A company's decision not to enforce shouldn't have any impact on enforcement against another employee in the future. Courts rightly determine that each non-compete case is different, and that every employee's situation is unique. If that's truly the case, then the only proper use of the waiver defense is when a company indicates to a specific employee that his agreement won't be enforced and then sues anyway.

Friday, February 1, 2013

IBM Suit Over Corporate Raiding Illustrates Use of Social Media Evidence

IBM has launched an assault against Virginia-based competitor, Computer Sciences Corporation, charging it with instituting a raid on its Finance Department through a departed IBM executive, Christopher Greiner.

The Complaint, filed in the Southern District of New York, alleges that Greiner was the de facto recruiter for CSC in its attempt to shore-up its finance department, allegedly wounded in the wake of an SEC investigation into financial reporting.

IBM alleged a detailed set of facts that illustrate just how prevalent issues of social media and electronic evidence have become in proving liability in non-compete cases. Greiner's agreement not to solicit his fellow IBM co-workers (a covenant contained in an equity incentive plan) is of obvious importance to IBM, because an executive employee who leaves can use his or her goodwill and knowledge of an employee base to recruit away a stable of management level employees. Similar covenants are of less value to lower-level sales employees.

Greiner was allegedly caught using an internal IBM messaging system that demonstrated his contact with IBM employees about job opportunities outside IBM. Those communications - copied verbatim into the Complaint - can have a powerful impact on a judge considering injunctive relief. The relative informality of social media communications often leads to flippant remarks that go over poorly when a third-party reads them.

Greiner also allegedly sent a LinkedIn communication with another IBM employee in an attempt to lure him to CSC. Such in-mail contacts are more and more common, as employees seem to think that such communications simply won't be discovered.

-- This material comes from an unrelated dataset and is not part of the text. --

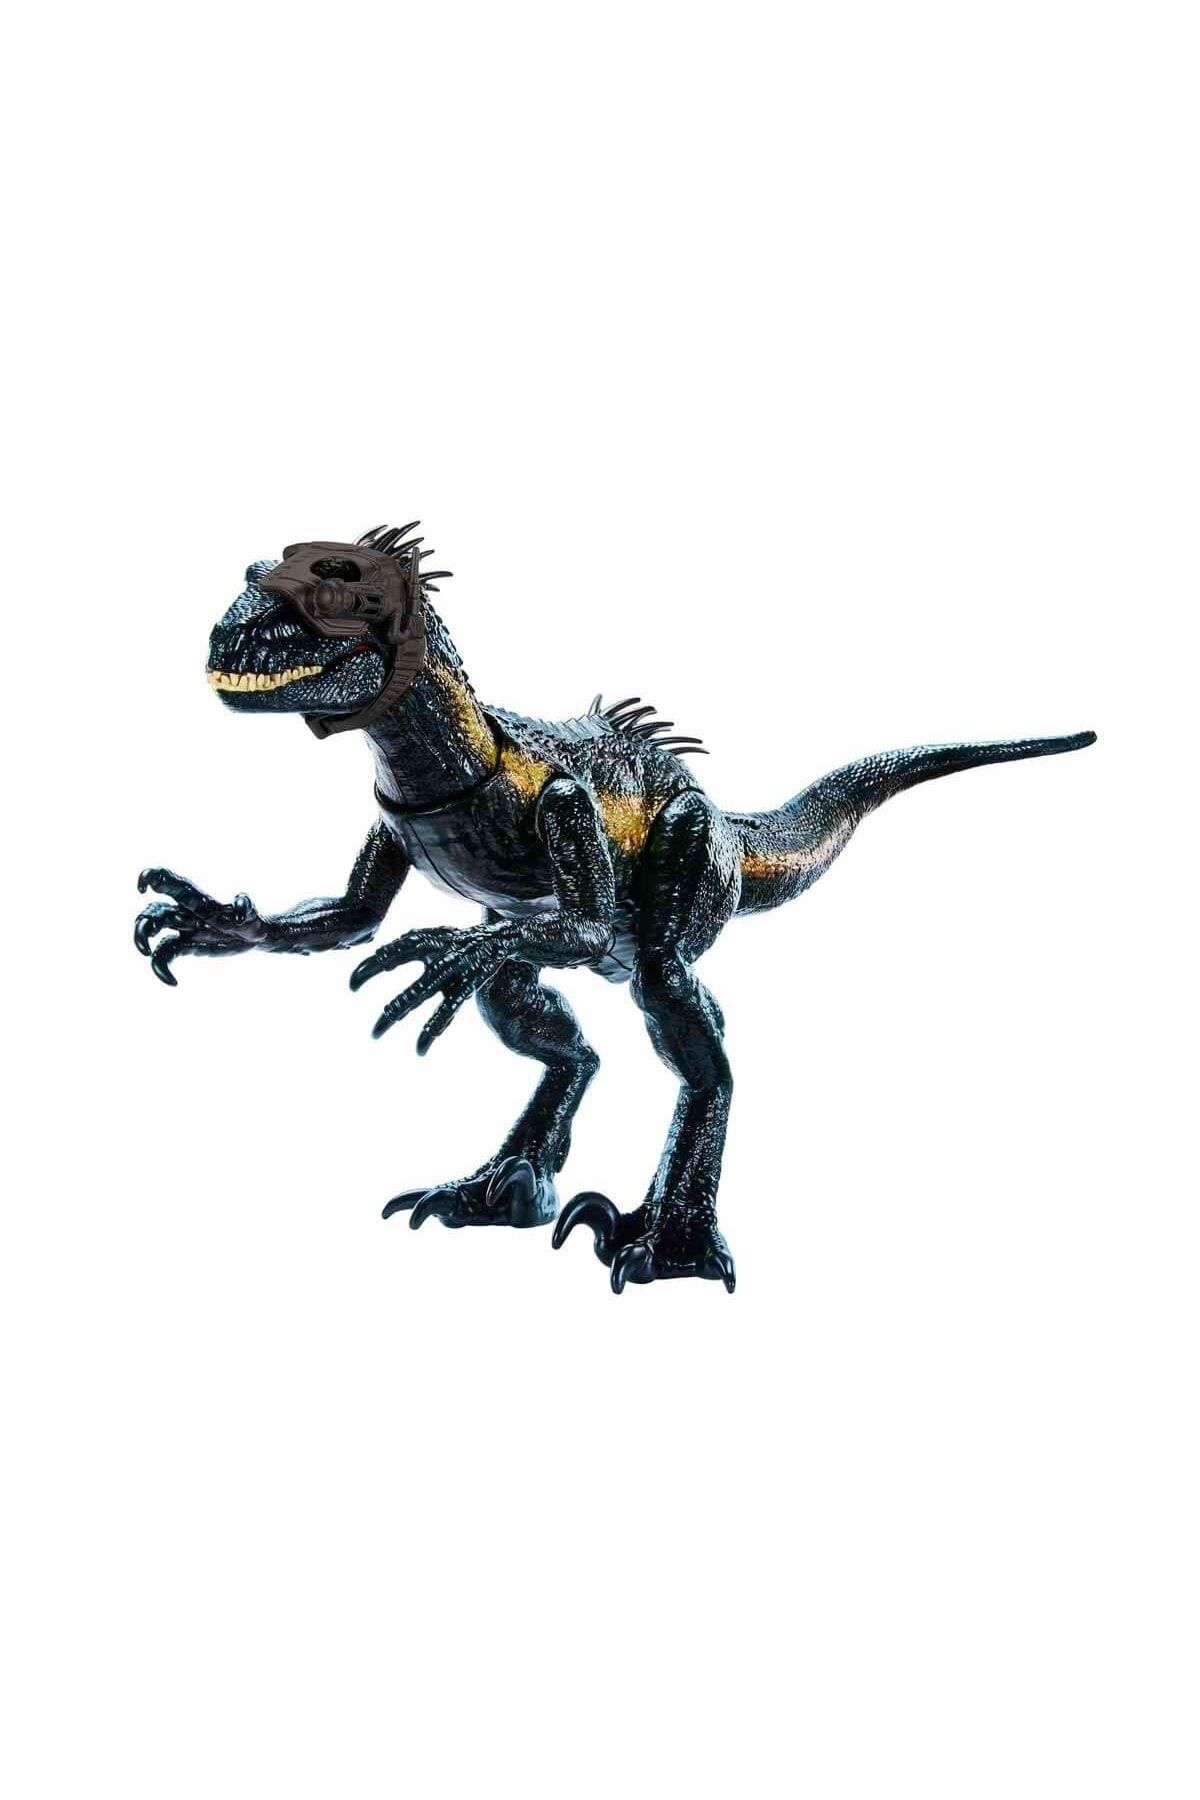 Jurassic World Hky11 Jurassic World Tehlikeli Takip Dinozor Figürü

The Complaint, embedded below, is worth a read - if for nothing else in that it establishes how to lay out a factual story about a corporate raid. True, many poaching cases don't seem to involve the number of actors that are laid out here, in fairly compelling detail. But a judge would be hard-pressed not to issue an injunction after reading a pleading like this.

And that's pretty much what happened. Greiner submitted an Affidavit stating he wouldn't solicit or hire IBM employees for almost two years. So the Court had little trouble enjoining him.

One other fact is important.

IBM alleged that Greiner and other CSC employees signed similar non-solicitation agreements. What IBM was trying to indicate was that such agreements are standard among skilled executives and that they, therefore are reasonable post-termination restrictions. Evidence of an industry standard is perhaps the most compelling evidence for a court to consider when examining whether a restraint is consistent with, or against, public policy.

The difficult part for IBM with this case may be establishing damages. There is little case law out there that discusses how to quantify business losses when an employee breaches a no-hire restriction. IBM certainly would be in a position to hire qualified talent. And its most tangible loss may be recruiting and incentive pay it would have to shell out to get them on board.